- **Problem description**
Return only the lines below starting at the line containing "Purple/blue tanzanite square" and ending at the line containing "The Metaphysical", both included, exactly as they are and with no pictures.

- **Record set**
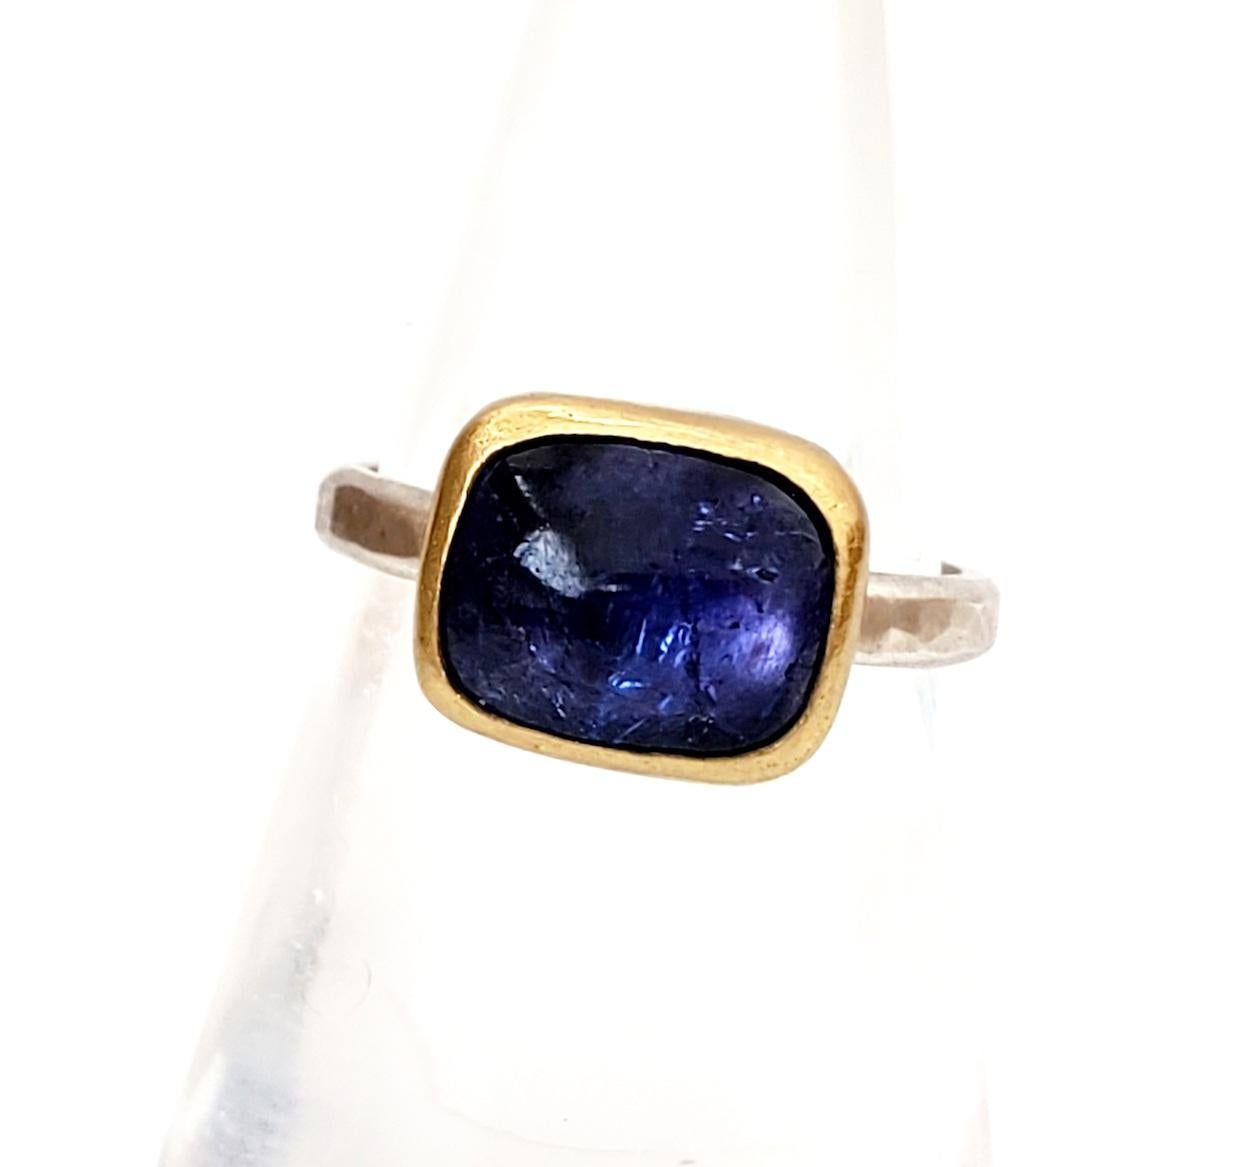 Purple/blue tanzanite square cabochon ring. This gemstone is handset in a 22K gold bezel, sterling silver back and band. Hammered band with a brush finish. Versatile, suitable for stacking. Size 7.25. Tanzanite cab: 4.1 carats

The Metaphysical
---
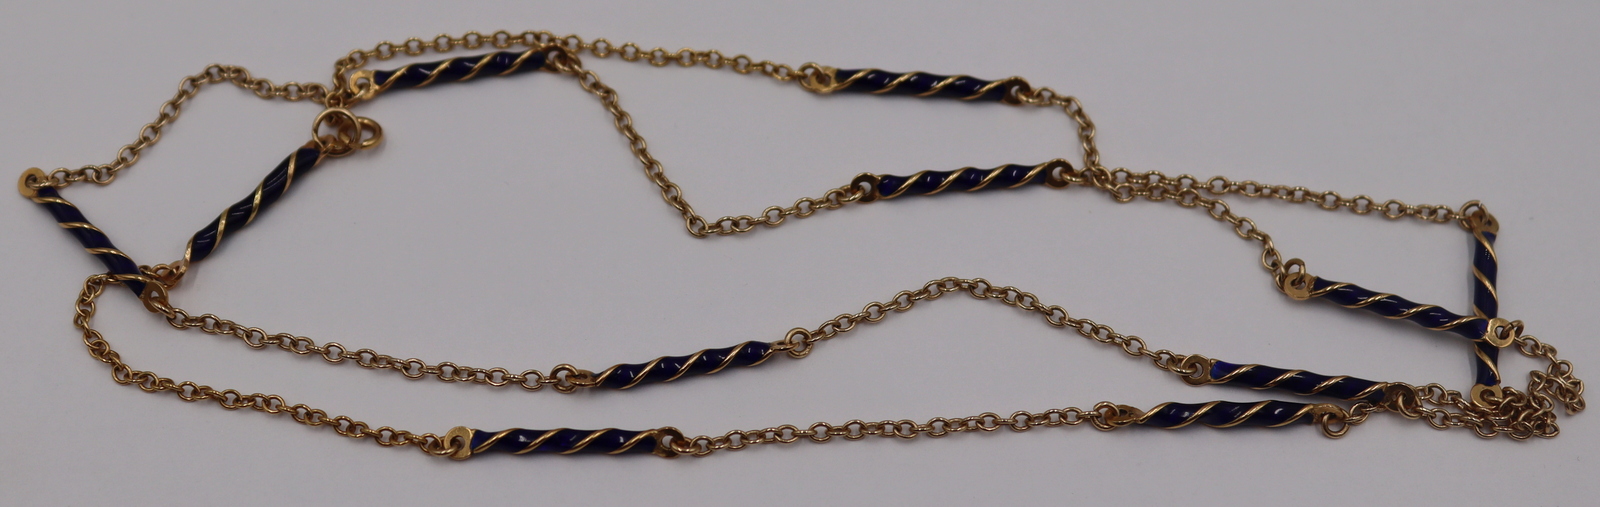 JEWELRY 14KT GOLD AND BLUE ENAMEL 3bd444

- **Solution for this problem**
 Purple/blue tanzanite square cabochon ring. This gemstone is handset in a 22K gold bezel, sterling silver back and band. Hammered band with a brush finish. Versatile, suitable for stacking. Size 7.25. Tanzanite cab: 4.1 carats

The Metaphysical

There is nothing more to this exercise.